New Zealand politician, public servant and judge (1816–1904)

Robert Reid Parris (1816 – 18 September 1904) was a New Zealand school administrator, politician, public servant, interpreter, soldier and judge.

==Life==
He was born in Chard, Somerset, England in about 1816 and baptised on 16 May 1816. On 18 October 1838, he married Mary Whitmore at Colyton, Devon. They had two daughters before they emigrated to New Plymouth in New Zealand, and two daughters and a son after they arrived in the colony on 19 November 1842.

Unsuccessful at farming, he became farm manager at St John's College in Auckland for Bishop Selwyn. Parris was promoted to general superintendent of the industrial school. In about 1852, he moved back to New Plymouth. Parris was one of the original members of the New Plymouth Provincial Council, being elected on 20 August 1853 for the Grey and Bell electorate. He joined the Executive Council as Provincial Treasurer under George Cutfield from January to June 1857. He resigned from the provincial council in July 1857 when he was appointed district land purchase commissioner for the province.

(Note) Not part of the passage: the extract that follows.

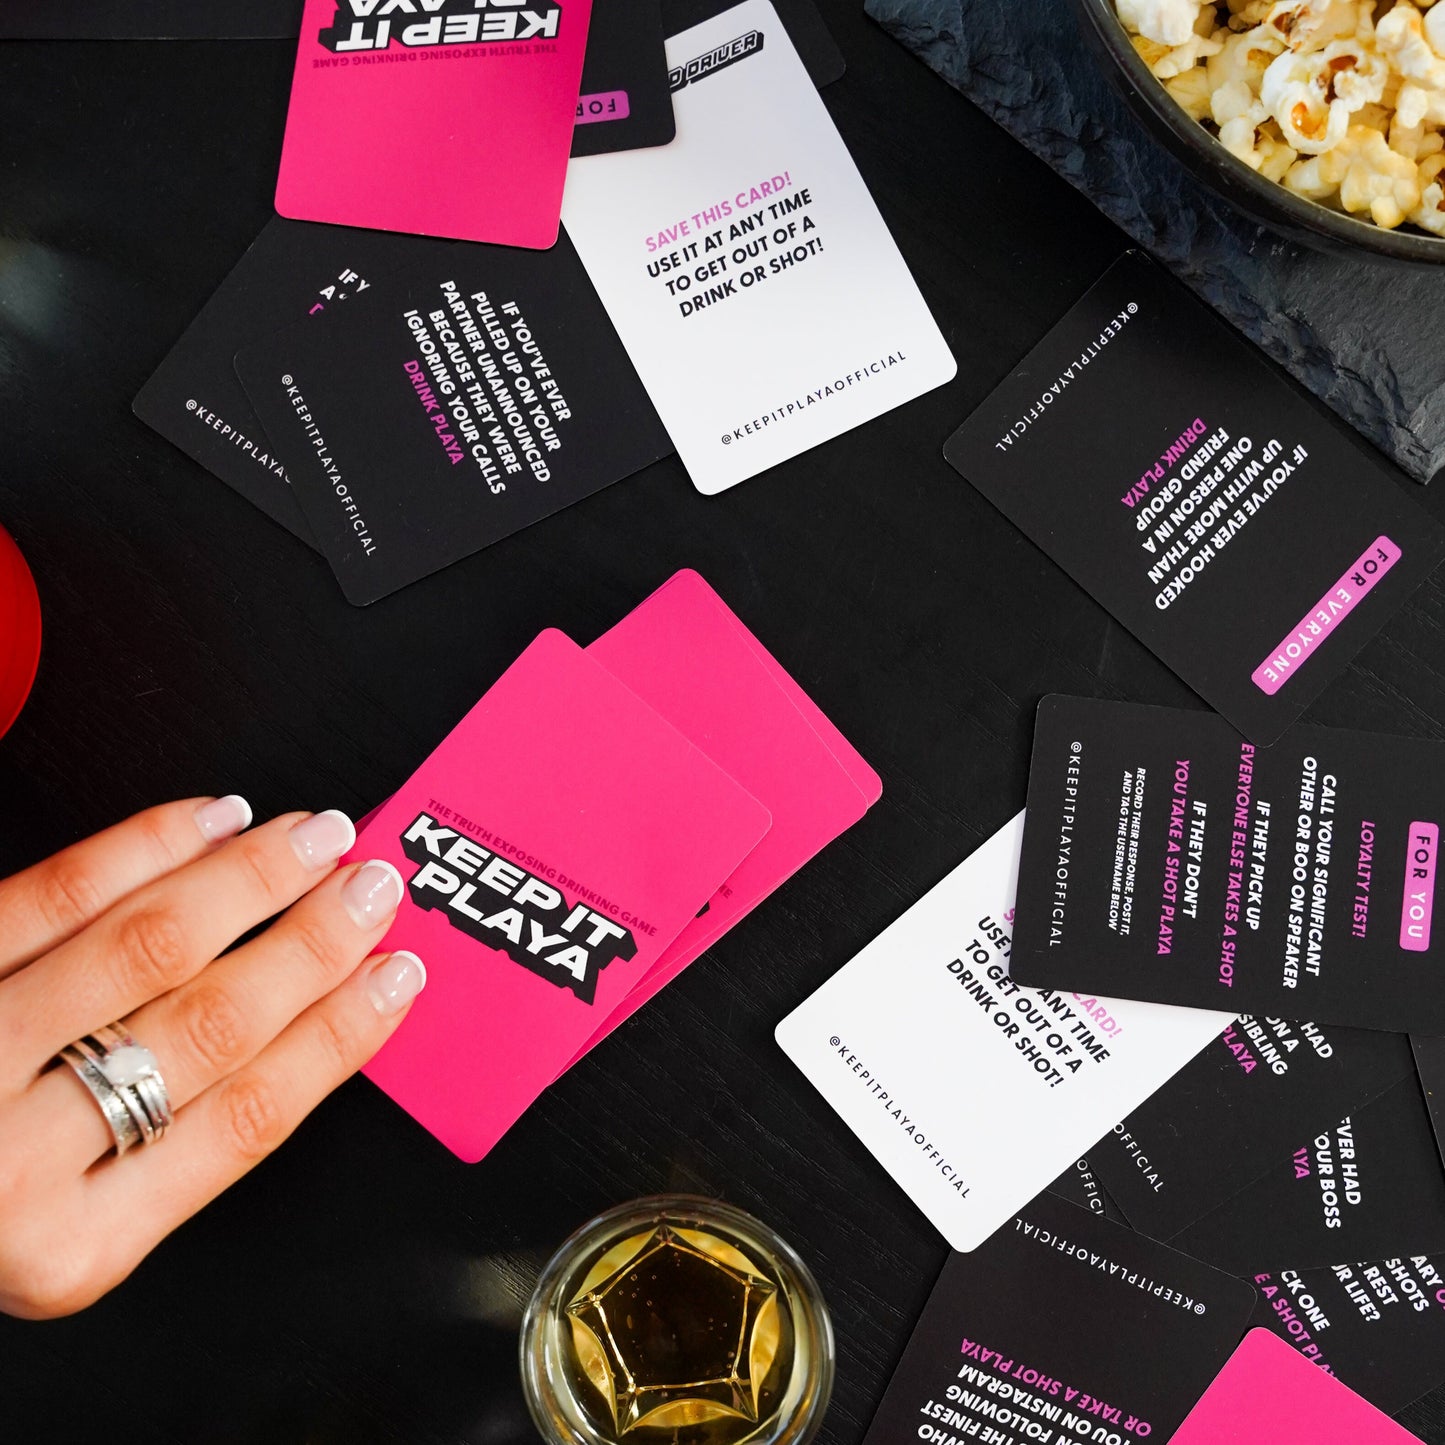 image of Keep It Playa girls night edition front of box being held by a hand with cards spread on table

He joined the militia and was promoted captain in June 1863, and major in May 1865. Subsequently, he was best known as Major Parris. Fluent in Māori, he acted as an interpreter during the New Zealand Wars. He was appointed a judge in the Compensation Court in August 1866. He was later a judge in the Native Land Court.

==Death and funeral==
He died at New Plymouth on 18 September 1904, and was survived by his wife by two years. He was given a military funeral at St Mary's Church.